:: PROVIDED MATERIAL
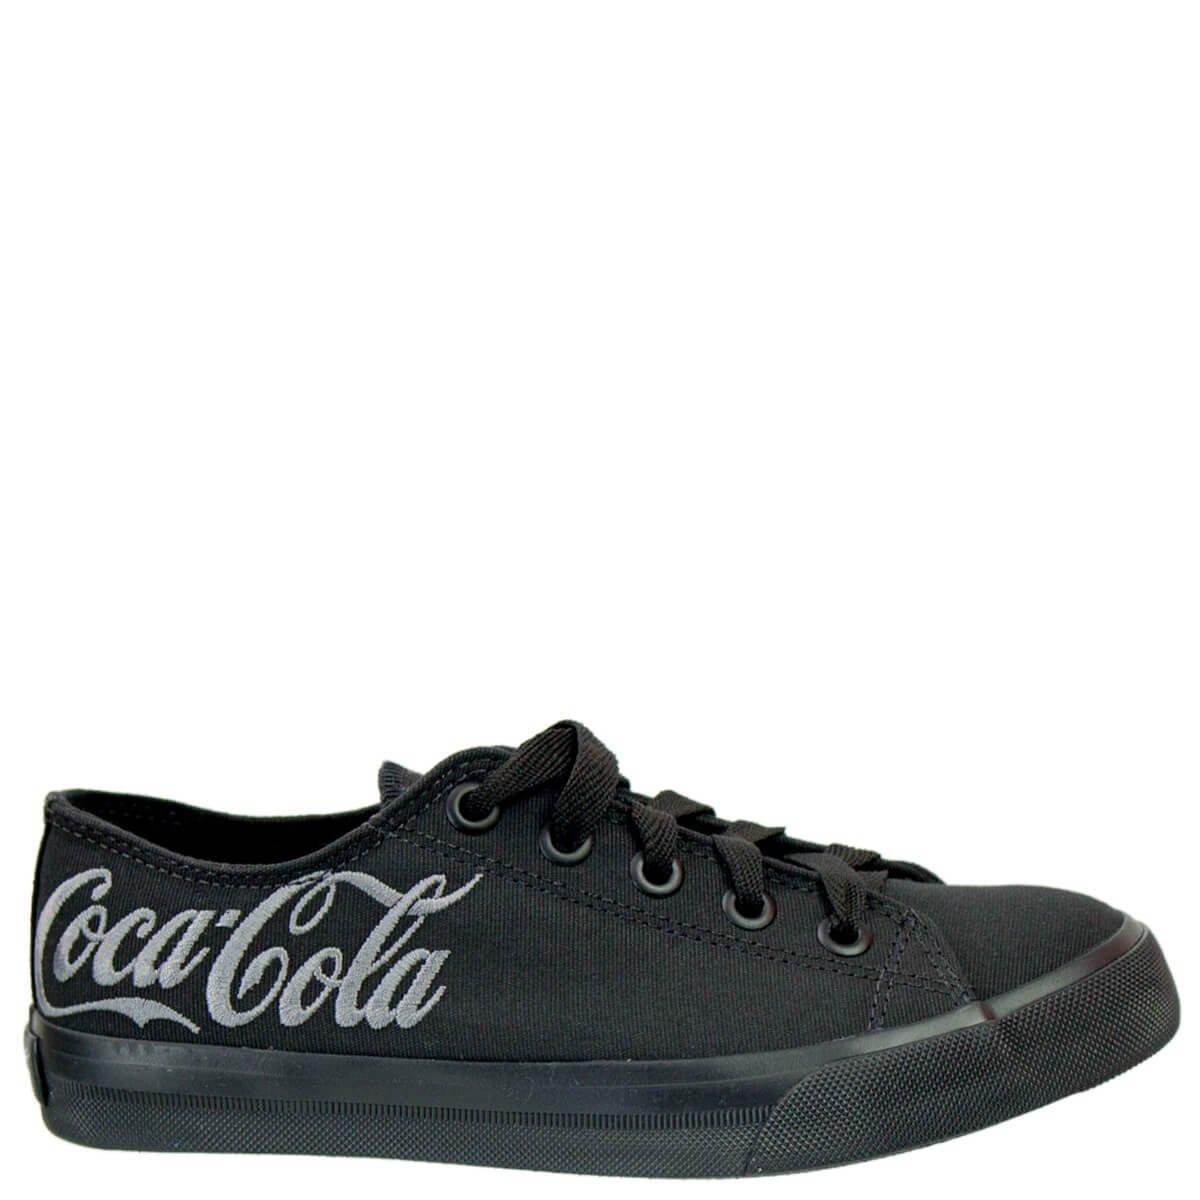 Bizz Store - Tênis Feminino Coca-Cola Basket b03d62fae01
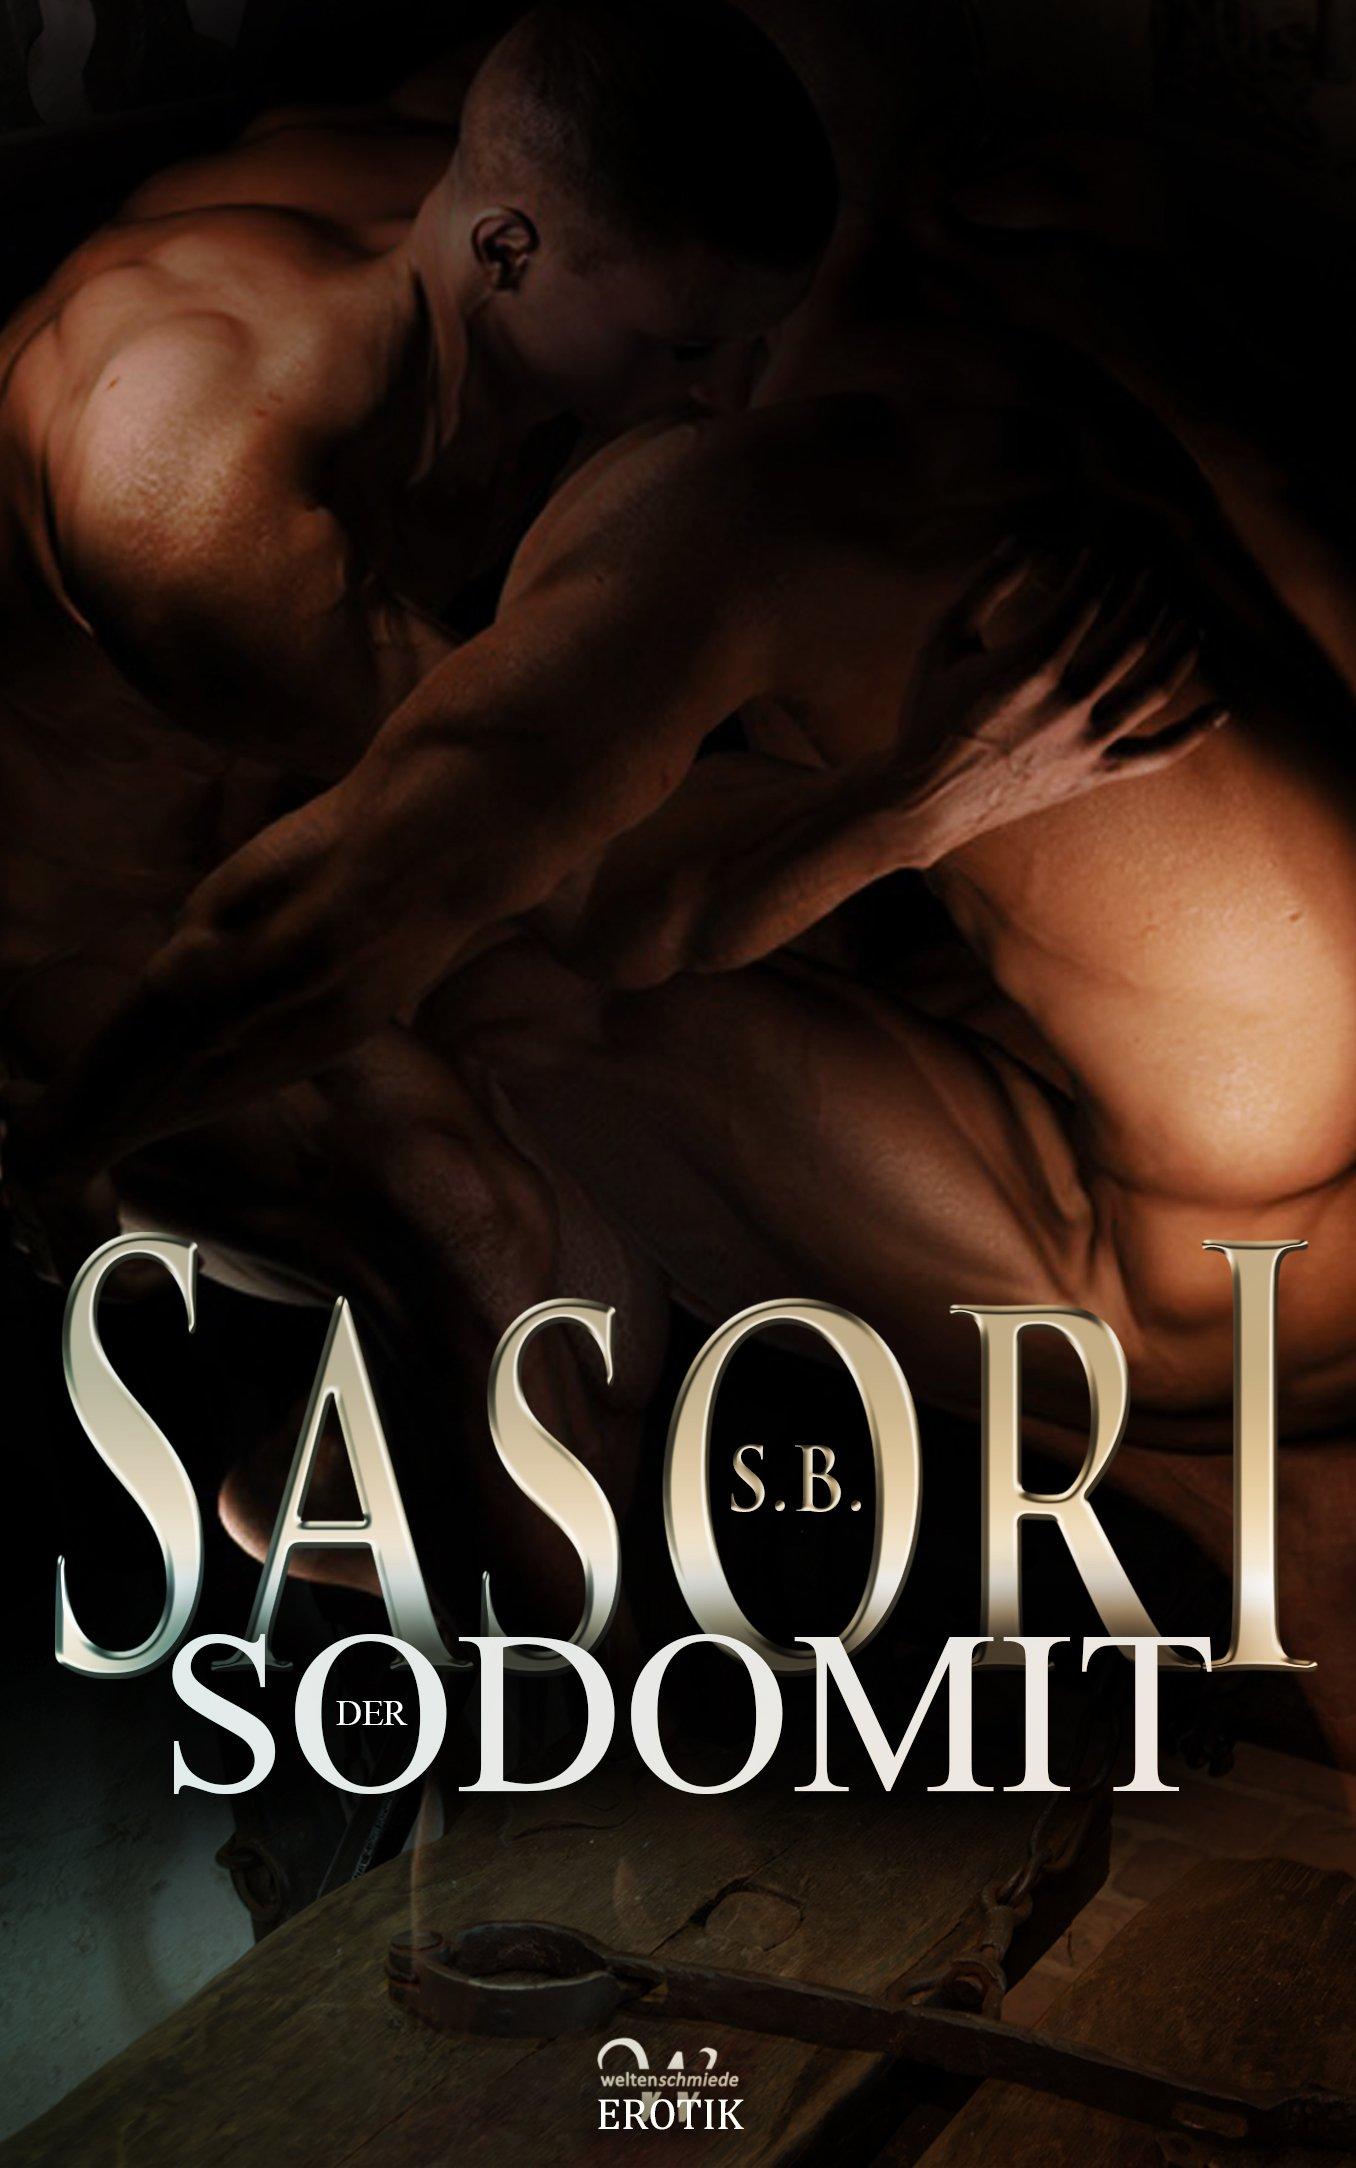 http://www.amazon.de/Der-Sodomit-S-B-Sasori/dp/3944504135/ref=tmm_pap_title_0?ie=UTF8&qid=1417620148&sr=8-1
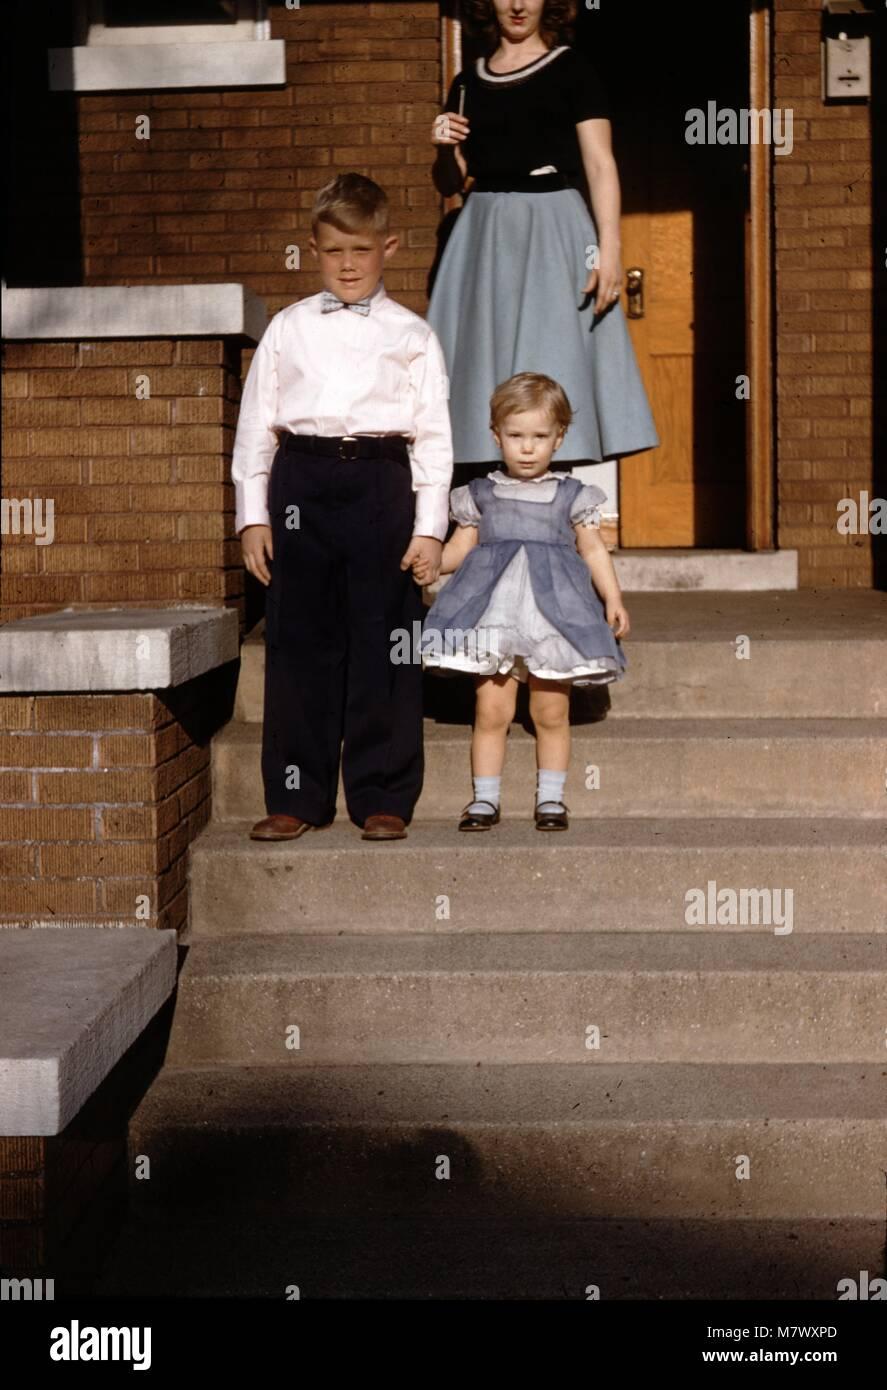 Vintage archival photograph taken in 1960 - Stock Image
::::
** EXERCISE PROMPT **
Set down the data above word for word, leaving every picture out.

** THE COMPLETED TASK **
 Bizz Store - Tênis Feminino Coca-Cola Basket b03d62fae01
 http://www.amazon.de/Der-Sodomit-S-B-Sasori/dp/3944504135/ref=tmm_pap_title_0?ie=UTF8&qid=1417620148&sr=8-1
 Vintage archival photograph taken in 1960 - Stock Image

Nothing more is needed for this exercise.